At trial the prosecutor successfully portrayed Corning as jealous and angry with Brooks because of Brooks’ alleged affair with Grace. On the morning of the murder Corning sat at the kitchen counter in Grace’s house facing the front door waiting for Brooks with his .45 caliber handgun hidden behind an upright greeting card. When Brooks arrived Corning asked him to repeat what he had told him earlier about his sexual relationship with Grace. Stunned by the accusations, Brooks said he did not know what Corning was talking about. Grace’s roommate, Susan Phillips, seated in the nearby living room, did not see any weapons on Brooks but saw Corning place his hand on the .45. Momentarily turning her attention away from the escalating argument, she heard two or three shots. Looking back, she saw Corning point the gun at Grace who had just entered the room. Corning then shot Grace once in each leg. Corning threw a shiny object across the room, got up and went outside. He opened the driver’s door of Brooks’ car and picked up Brooks’ .32 caliber handgun from the floorboards. Brooks’ girl friend, Catherine DePonte, asked Corning the whereabouts of Brooks. Corning took the .32 inside the residence with DePonte following and threw the gun into the corner of the room. Grace, pregnant with Coming’s child, told Corning to get her keys, take her van and get out. Corning later surrendered to the police.

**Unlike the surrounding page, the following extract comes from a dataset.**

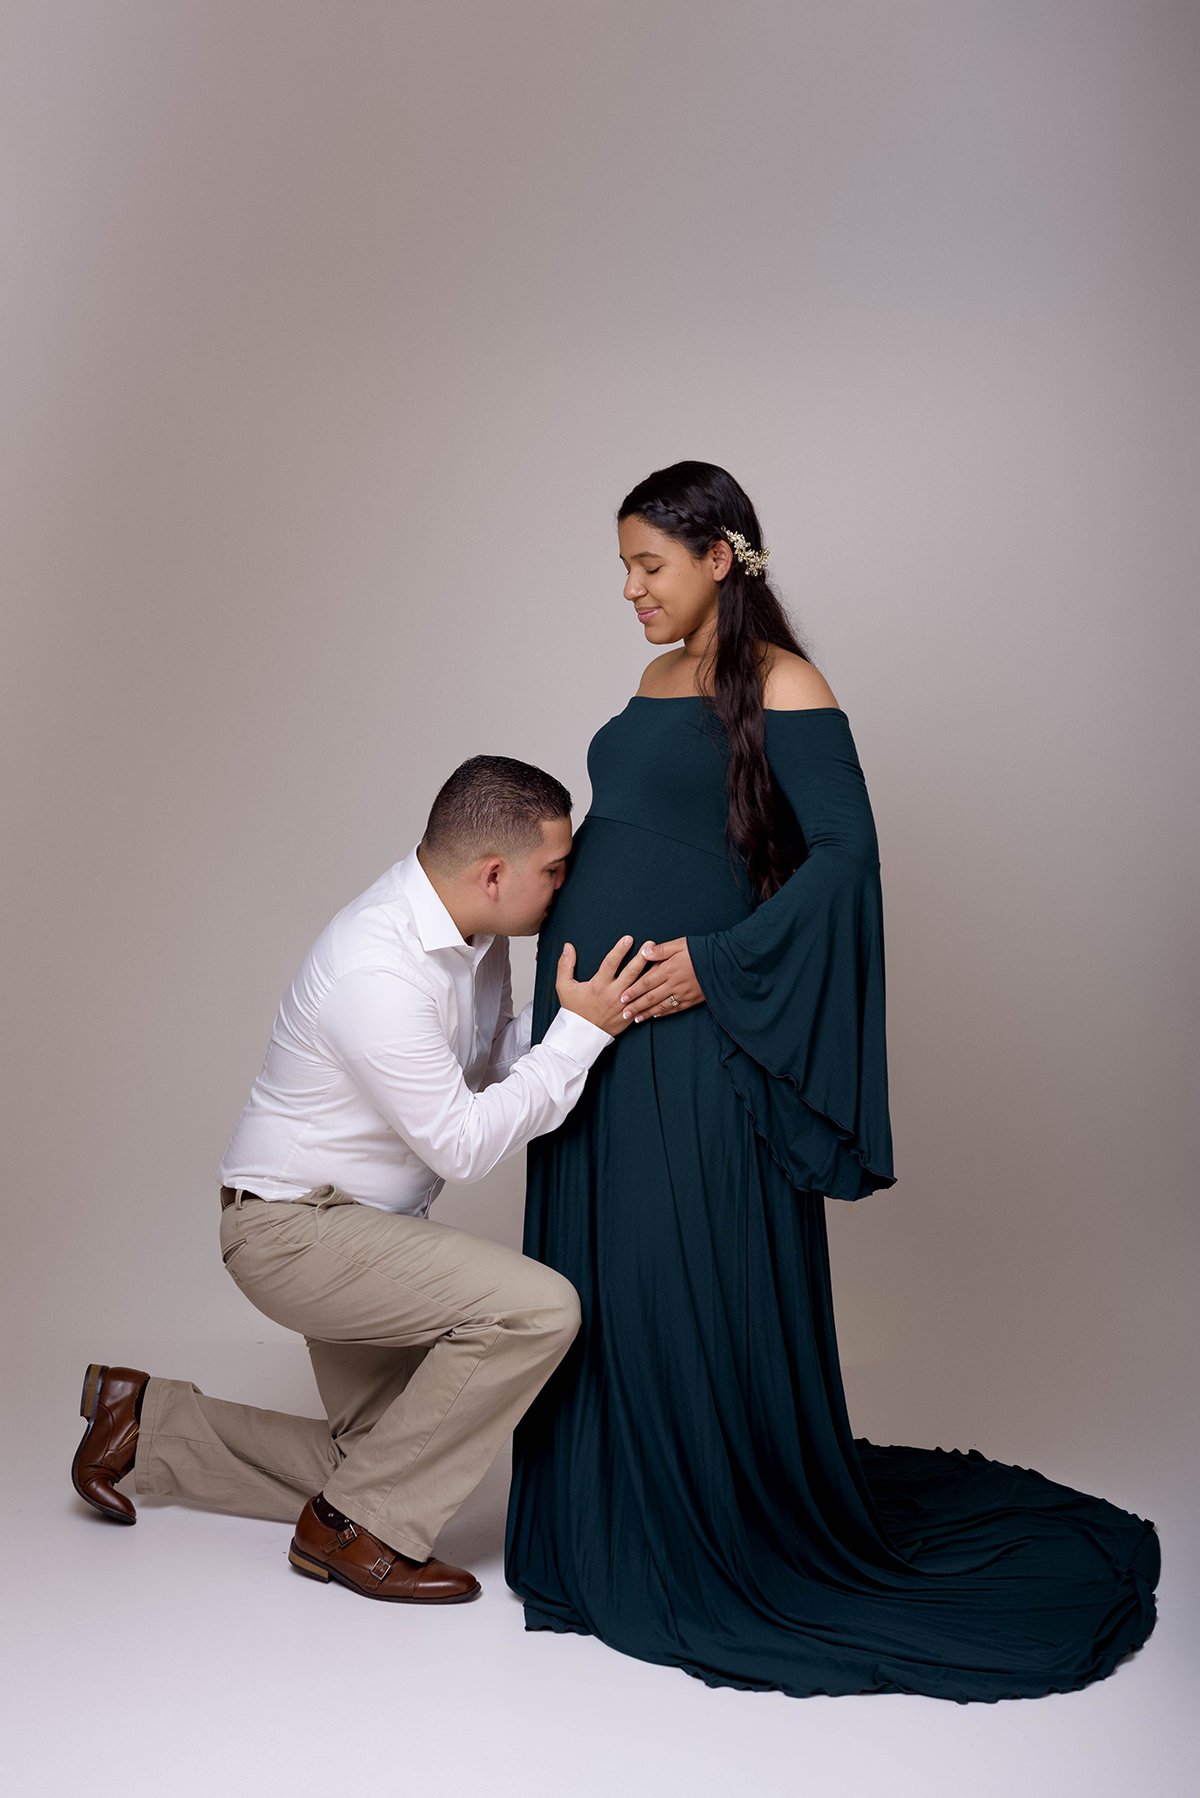 maternity-pregnancy-photographer-san-juan-puerto-rico-teal-dress-gown-long-sleeve-fotografa-maternidad-embarazo-03.jpg

Corning had a different explanation of the events. He cast the shooting of Brooks as self-defense and that of Grace as accidental. He testified Rich Harrod had telephoned him that Brooks was armed and on his way to Grace’s house. When Corning sat at the kitchen counter the .45 was in plain sight. Brooks first accused Corning of having him thrown out of the house where he was living. Brooks then initiated the subject of Grace and his sexual relationship with her. Corning remained silent. When Brooks then turned his back, Corning reached for his .45. After Brooks reached into his belt area Corning saw him pull a gun out and point it at him. In self-defense Corning fired his .45. Seeing something out of the corner of his eye, Corning turned but lost his footing and hit his hand against the counter. The .45 accidentally discharged three or four times, striking Grace in the legs.

*87 Corning then approached Brooks, saw a .32 caliber handgun on his person, picked it up, pulled the clip out and threw it across the room. He walked outside and picked up Brooks’ .25 caliber handgun from the floorboards of Brooks’ vehicle and took it back inside the residence. He threw his .45 across the room, took Grace’s keys and drove away. Before surrendering to the police he visited his sister and gave her the .25 he had taken from Brooks’ car.

II

A

CALJIC No. 2.27 (1977 rev.) provides: “Testimony which you believe given by one witness is sufficient for the proof of any fact. However, before finding any fact [required to be established by the prosecution] to be proved solely by the testimony of such a single witness, you should carefully review all the testimony upon which the proof of such fact depends.”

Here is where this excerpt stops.